The 2001 census categories are the NHS standard for ethnicity [17], but we have not been able to find any explanation for the continued use of the 2001 census categories as the standard.

Due to the significant differences experienced by ethnic groups in terms of health outcomes, accurate ethnicity coding to the most granular code possible is crucial. Although we have focussed on codelist categorisations based on the 2001 census categories, ethnicity can be extracted for each of the component codes (Additional file 1: Table S8), so researchers have the option to use custom categorisations as required.

We believe that the SNOMED:2022 codelist and codelist categorisation provides a more consistent representation of ethnicity as defined by the 2001 census categories than the CTV3:2020 codelist and should be the preferred codelist and categorisation for primary care ethnicity.

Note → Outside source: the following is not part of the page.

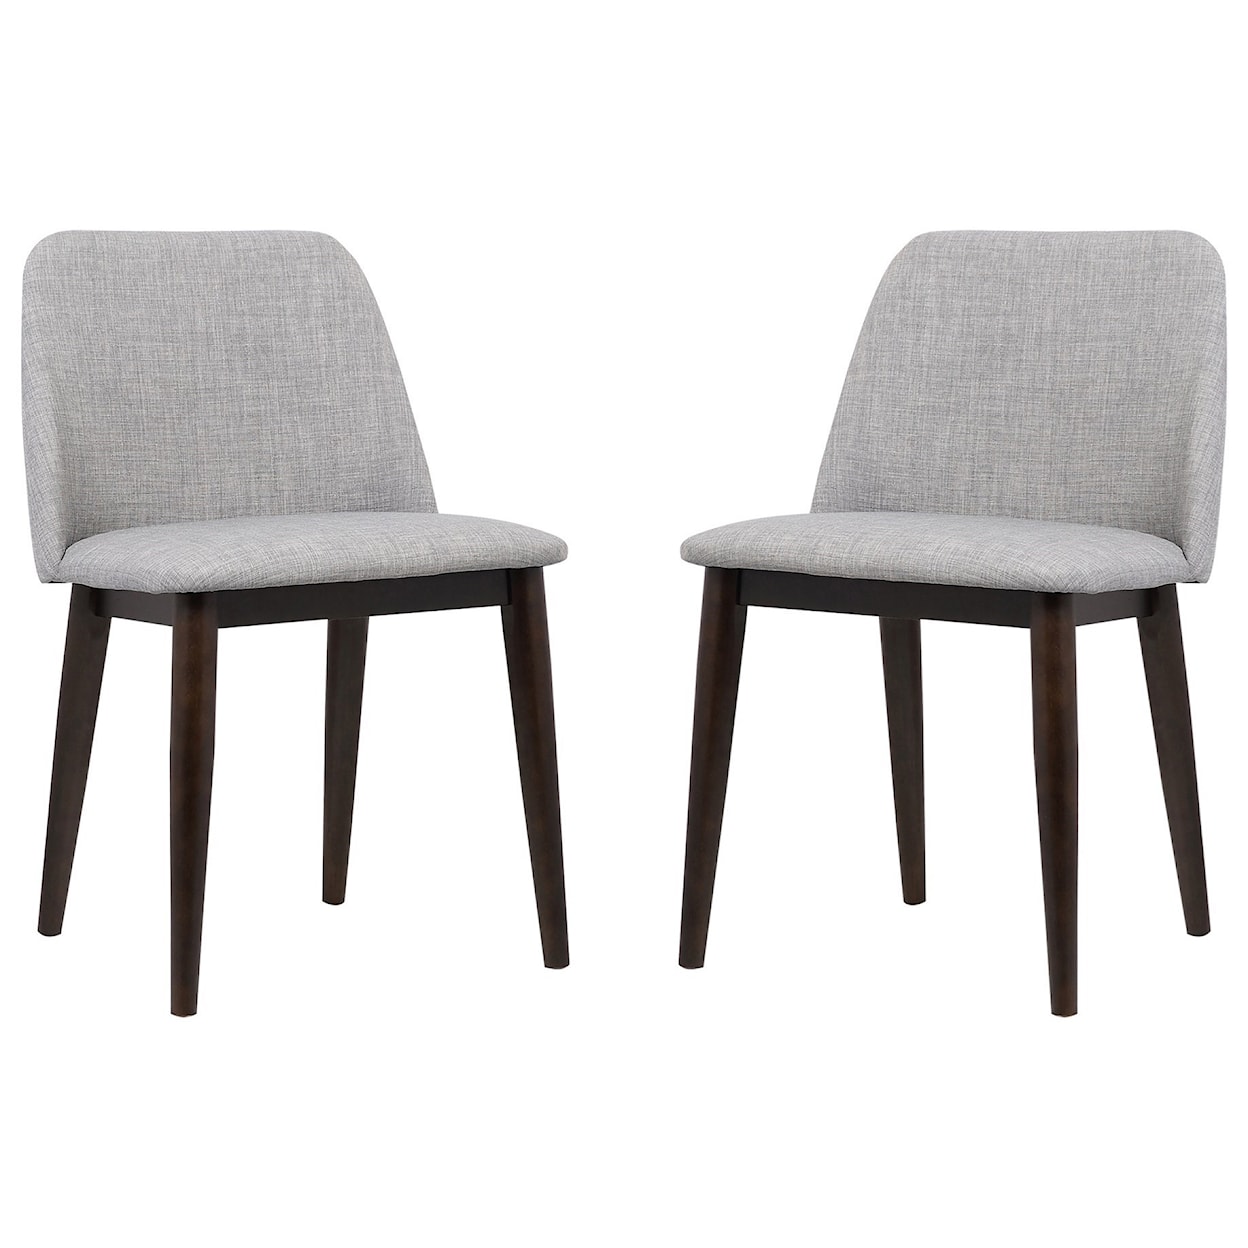 Armen Living Horizon Set of 2 Contemporary Dining Chairs

Policy implications and interpretation

This paper is principally to inform interpretation of the numerous current and future analyses completed and published using OpenSAFELY-TPP and similar UK electronic healthcare databases. The practice of supplementing primary care ethnicity with secondary care ethnicity from SUS can, depending on the study design, introduce bias and should be used with caution. For example, patients who have more clinical interactions are more likely to have a recorded ethnicity and therefore patients with a recorded ethnicity in secondary care data may tend to be sicker than the general population. Ethnicity recording has been found to be more complete for patients who died in hospital compared with those discharged [5].

Conclusions

This report describes the completeness and consistency of primary care ethnicity in OpenSAFELY-TPP and suggests the adoption of the SNOMED:2022 codelist and codelist categorisation as the best standard method.